Note on the free will vs. brainwashing argument.

There has been some controversy over the years about 'cults' and 'brainwashing' (aka 'mind control') . Some believe that individuals should be legally protected against brainwashing by predatory cults, while others believe that brainwashing is a myth, and that any attempt to regulate religious movements would be an infringement of civil and religious liberty.

The concept of brainwashing is especially contentious. As one legal commentator put it:

' ... Americans have a fundamental belief in free will. To those with that belief, brainwashing is especially terrifying, because it involves the loss of the core of individual liberty.' [1]

However, this fear may be misplaced. Brainwashing does not involve the loss of the core of individual liberty. It does not involve the loss of free will. Brainwashing does not directly control or negate a person's free will, but rather it strongly influences the basis from which a person forms their will. After brainwashing, free will itself remains intact, but its basis has changed.

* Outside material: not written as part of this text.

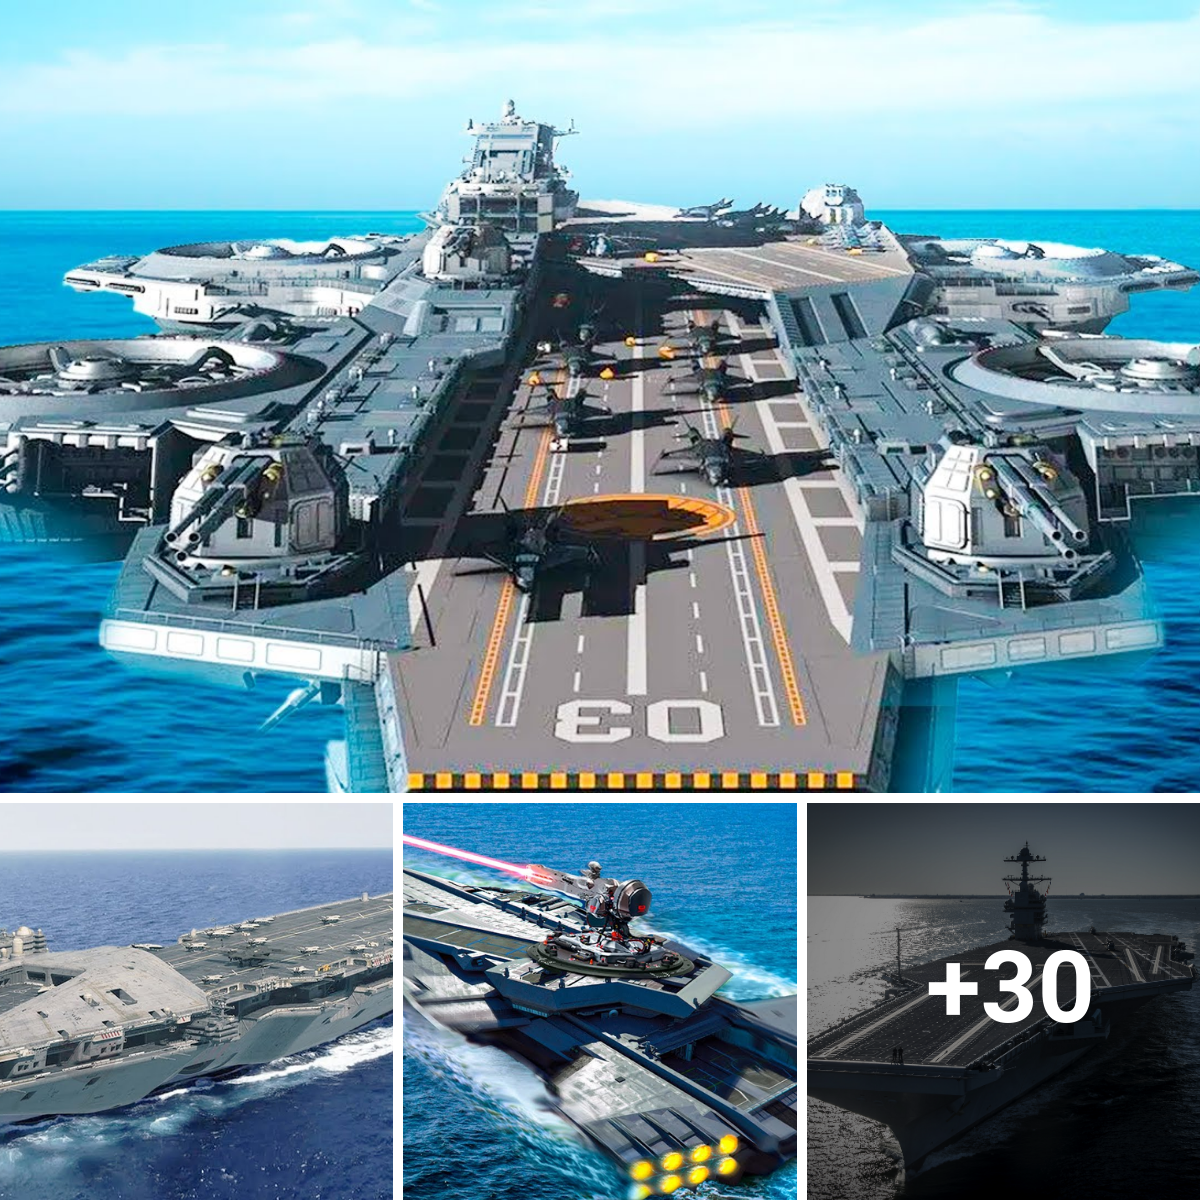 America’s giant aircraft carrier cannot be defeated thanks to billions of dollars worth of engineering

It is a person's belief system and worldview which largely determine a person's free will. A person's belief system is the basis from which they make their choices and decisions. If you can influence and change a person's beliefs and worldview, then you can change a person's will, and therefore those aspects of their behaviour which are subject to free will.

In other words, free will is not an absolute, but is somewhat dependent on causes outside of itself. Below are some quotes in support of this argument:

Einstein wrote:
'In human freedom in the philosophical sense I am definitely a disbeliever. Everyone acts not only under external compulsion but also in accordance with inner necessity. Schopenhauer's saying, that "a man can do as he will, but not will as he will" has been an inspiration to me since my youth up...' [2]

Thomas Hobbes wrote:
'Nothing takes a beginning from itself, but from the action of some other immediate agent, without itself. Therefore, when first a man has an appetite or will to something, to which immediately before he had no appetite nor will; the cause of his will is not the will itself, but something else not in his own disposing. So that, whereas it is out of controversy that, of voluntary actions the will is the necessary cause, and by this which is said, the will is also necessarily caused by other things, whereof it disposes not, it follows that voluntary actions have all of them necessary causes, and therefore are necessitated.' [3]

Spinoza wrote:
'The will cannot be called a free cause, but can only be called necessary. For the will, like all other things, needs a cause by which it may be determined to [existence and] action in a certain manner.' [4]

(Of course, there are other opinions on the nature and origin of human free will. In the opposite camp to Einstein, Schopenhauer et al is for example: 'Over himself, over his own body and mind, the individual is sovereign.' - J.S. Mill, On Liberty, 1859)

In general, a person's belief system and worldview (and therefore their free will and the choices they make) can be and are influenced to varying degrees by various sources: their parents, friends, schoolteachers, the media, etc. This is how culture evolves and perpetuates itself. For the most part, at least within a democratic, open society, these influences are established, widely known about, and subject to review and regulation, through the law and through other less formal social processes.

Cults, on the other hand, are able to influence a person's beliefs and worldview (and the choices they make) through processes which are not widely known about (and not yet recognised in law); which are often damaging to the individual and ultimately to society; and which are not subject to review or regulation by any agency independent of the cult.

Cult belief systems differ from 'mainstream' belief systems in significant ways. For an outline of the nature of a cult belief system, and how it can gain hold of a person's mind, see the essay: 'Mind Control in 20 minutes'


Notes

[1] Marci Hamilton (Paul R. Verkuil Chair in Public Law at Benjamin N. Cardozo School of Law, Yeshiva University, New York), in her article: 'The Elizabeth Smart Case: Why We Need Specific Laws Against Brainwashing'
http://writ.news.findlaw.com/hamilton/20030327.html

[2] From p.2 of Albert Einstein's Autobiography "The World As I See It" translated by Alan Harris pub Bodley Head 1935 ISBN 0-8065-0711-X

[3] From p.76 of Schopenhauer's 'On the Freedom of the Will' translated by Konstantin Kolenda pub Basil Blackwell, quoting from Thomas Hobbes 'Of Liberty and Necessity' The English Works of Thomas Hobbes - London 1840.

[4] From the same Schopenhauer book.